The input -
+--
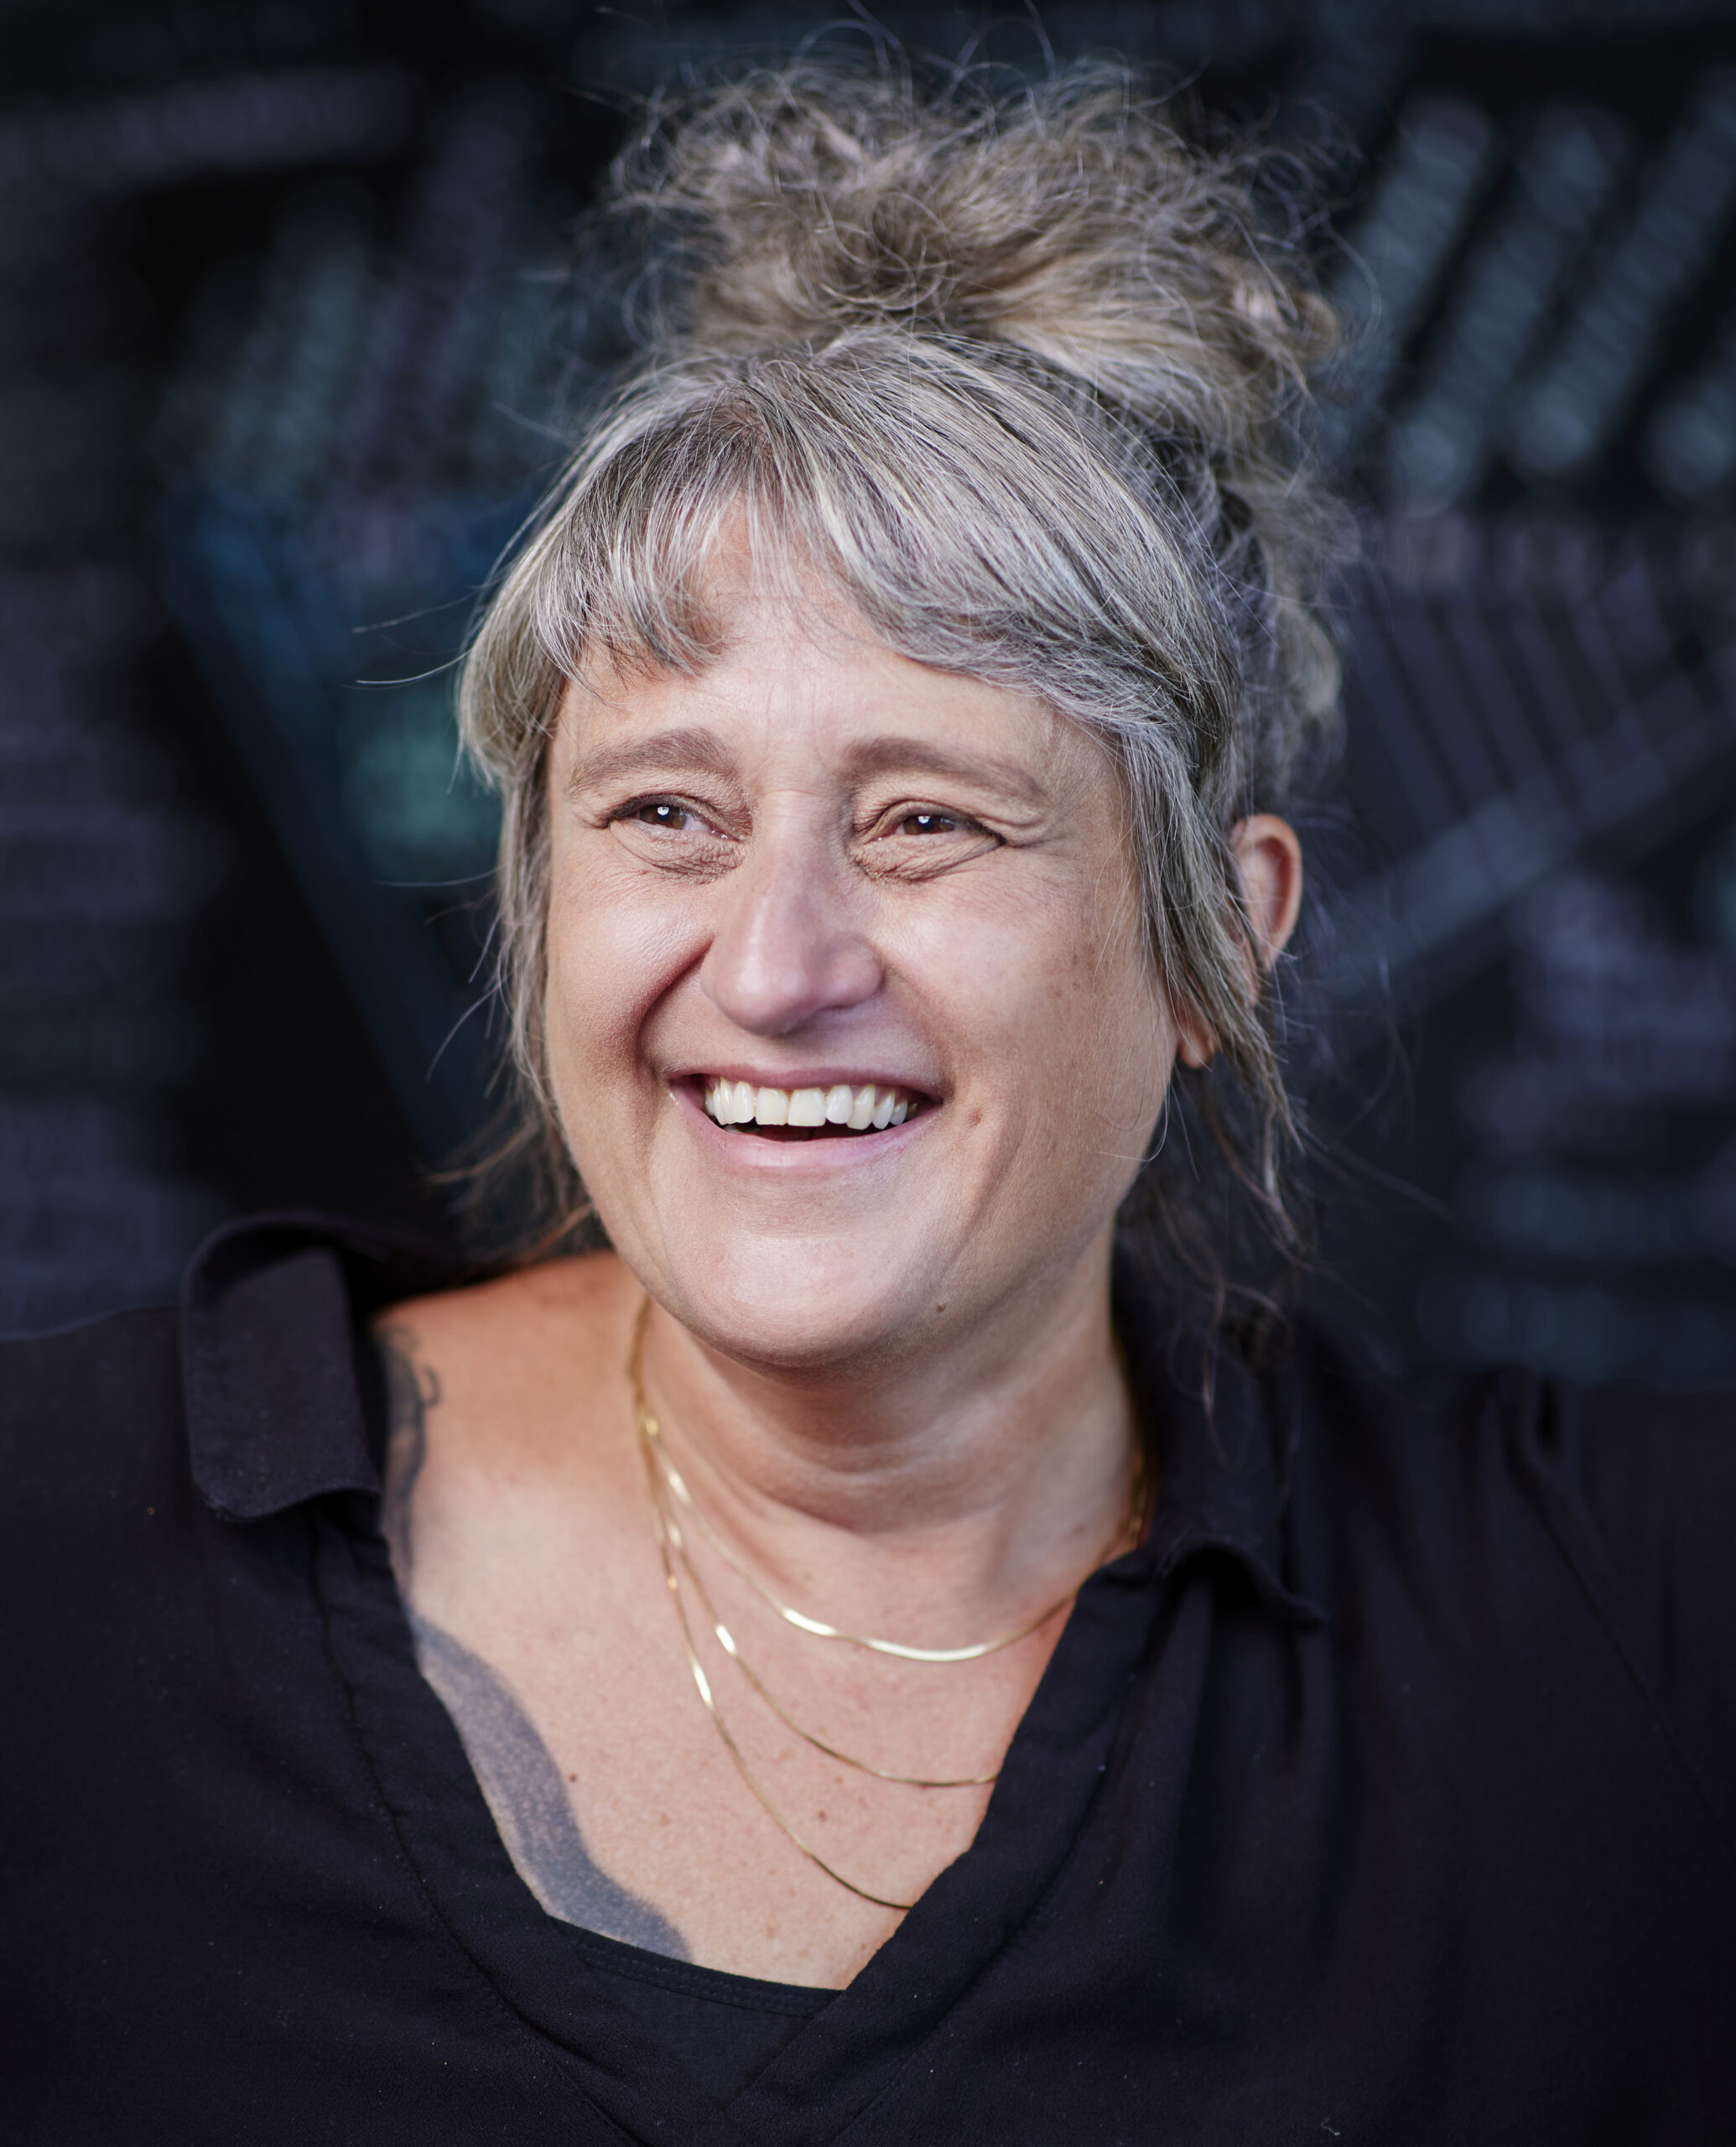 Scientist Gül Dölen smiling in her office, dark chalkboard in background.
+--
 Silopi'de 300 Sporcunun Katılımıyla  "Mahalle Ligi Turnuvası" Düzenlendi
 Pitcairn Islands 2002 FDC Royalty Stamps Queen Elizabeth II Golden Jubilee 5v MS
+--
Task - All lines above from the one with "Silopi'de 300 Sporcunun" to the one with "Pitcairn Islands 2002", inclusive, should be copied exactly, and no other lines.

Result -
 Silopi'de 300 Sporcunun Katılımıyla  "Mahalle Ligi Turnuvası" Düzenlendi
 Pitcairn Islands 2002 FDC Royalty Stamps Queen Elizabeth II Golden Jubilee 5v MS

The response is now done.